Sunday, October 5, 2014

Namaste 
There is something about it. A calmness. I can’t quite put my finger on it, and I wouldn’t be able to do it by myself. Namaste.
            Growing up dancing, I never set foot into a gymnasium for sports, weight training, or really anything. I found peace in having another place, another family. I loved growing up in my dance studio. It felt like home. When spending 10-15 hours there a week since the age of 12, it had to.
            When I came to college, I didn’t quite know what I was going to do. Freshman year, I found a love for running (I definitely had to dig deep for it, but I eventually found it). Having never been allowed to run as a dancer, it was freeing. It was an inner challenge and a goal-oriented exercise that I quickly got addicted to. Unfortunately, over the summer my running habits fell a bit as I got back into ballet. While I had enjoyed running, I realized that nothing could really compare with the complexity of ballet- the desire for unattainable perfection. It is a full mind-body intricacy, but again I struggled as I ventured back to school. What can I try this year?

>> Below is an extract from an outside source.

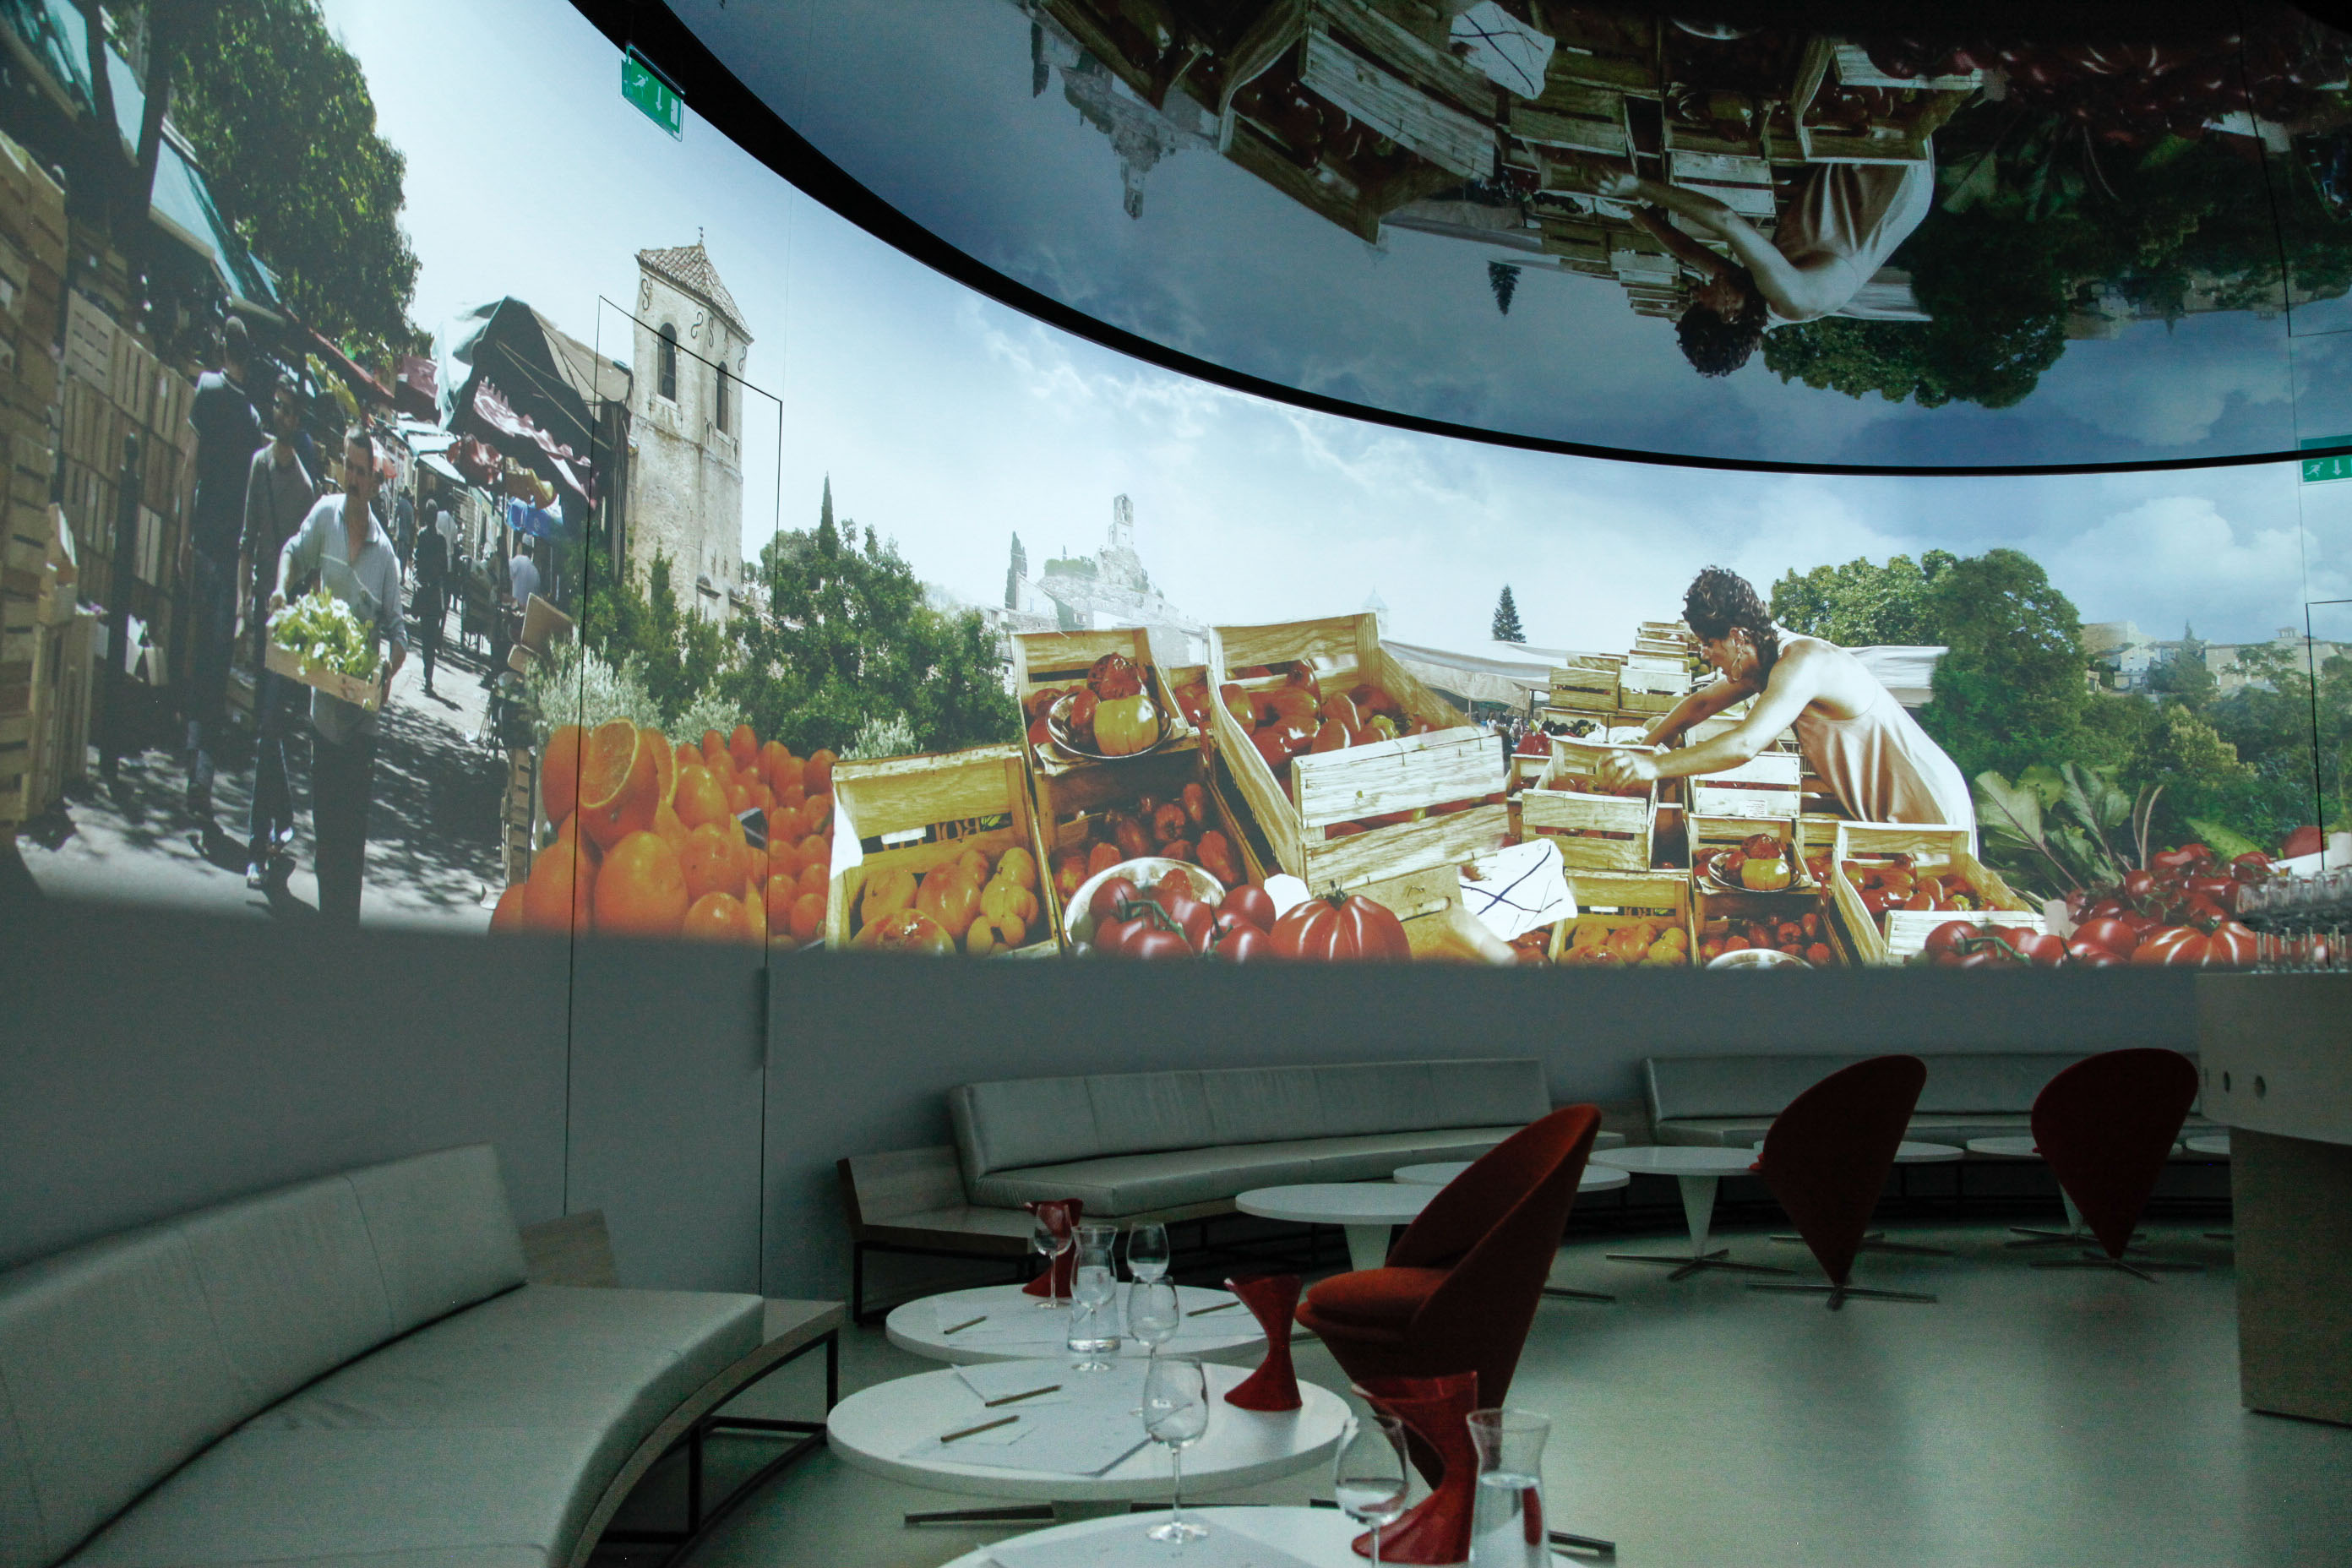 Zum Weinbaumuseum gehört ein multimedialer Sensorik-Raum. Ein Duft wird eingeleitet, er muss erraten werden.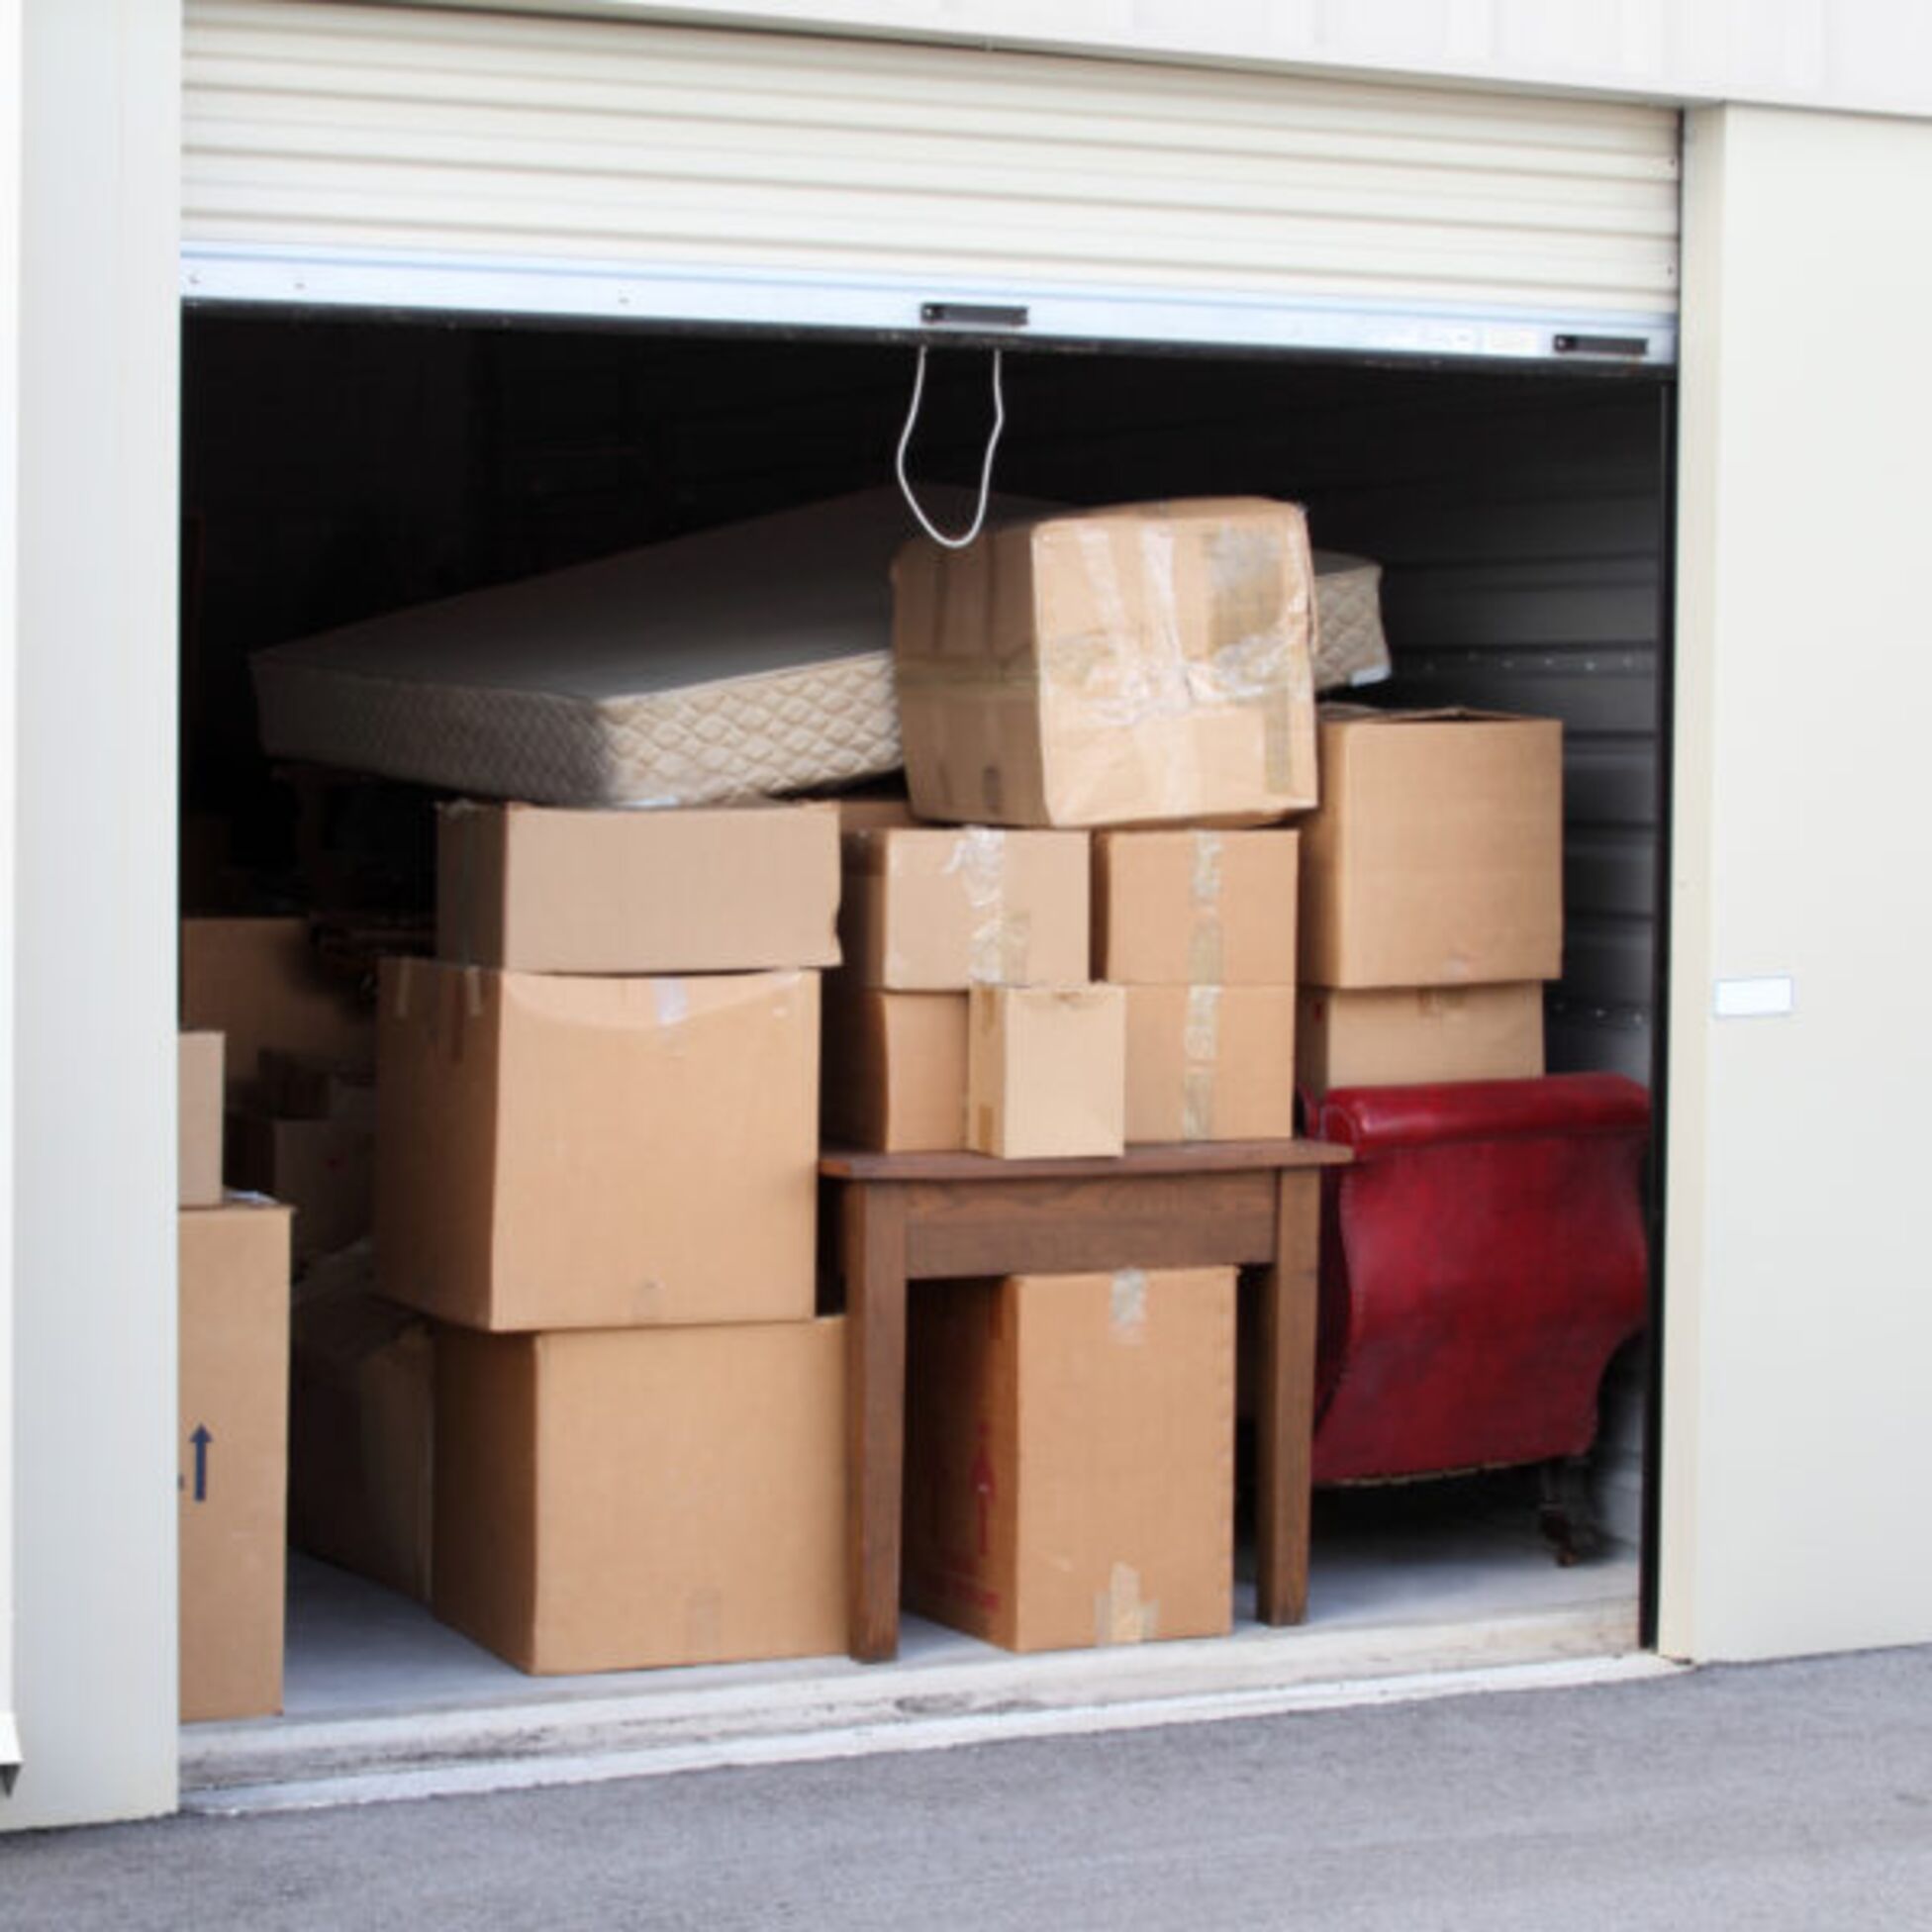 Eingelagerte Möbel und Kartons stehen in einem Selfstorage-Abteil

            A few weeks into school, I decided to do my first proper yoga class. I hated it. It was hard and I was frustrated that I wasn’t strong enough to hold myself, but the week following that class, I was calmer, happier, and more energized. All of my aches and pains vanished, so I figured suck it up and try it again.
            I got a group of people together and we walked to a yoga class about a mile and a half from campus. We rolled out our mats and let our bare toes form crevasses in the foam. A soothing music filled the negative space in the room and our instructor began with breathing. I learned new things about this activity that I have been participating in every minute of every day for my entire life. I had no idea the power of breath. This first class I began getting frustrated but the instructor saw the tension that I was holding and announced to the class, “Let your body do what it does naturally. Don’t try to make it pretty. Do what feels rights.” With this, the stubborn part of me diminished and my muscles unclenched. Not caring what I looked like, a sense of fluidity came across my movements. Before I knew it, the class was over. “Namaste,” the instructor said as she bowed. I closed my eyes and pushed the palms of my hands together and bowed back. “Namaste.”  

            I don’t know if it is the “yoga breathing,” the stretching and strengthening, or the soothing music and gracefulness of the Sanskrit language but since I have started this weekly yoga regime, I have seemed to find a new home, a new exercise, and a new home.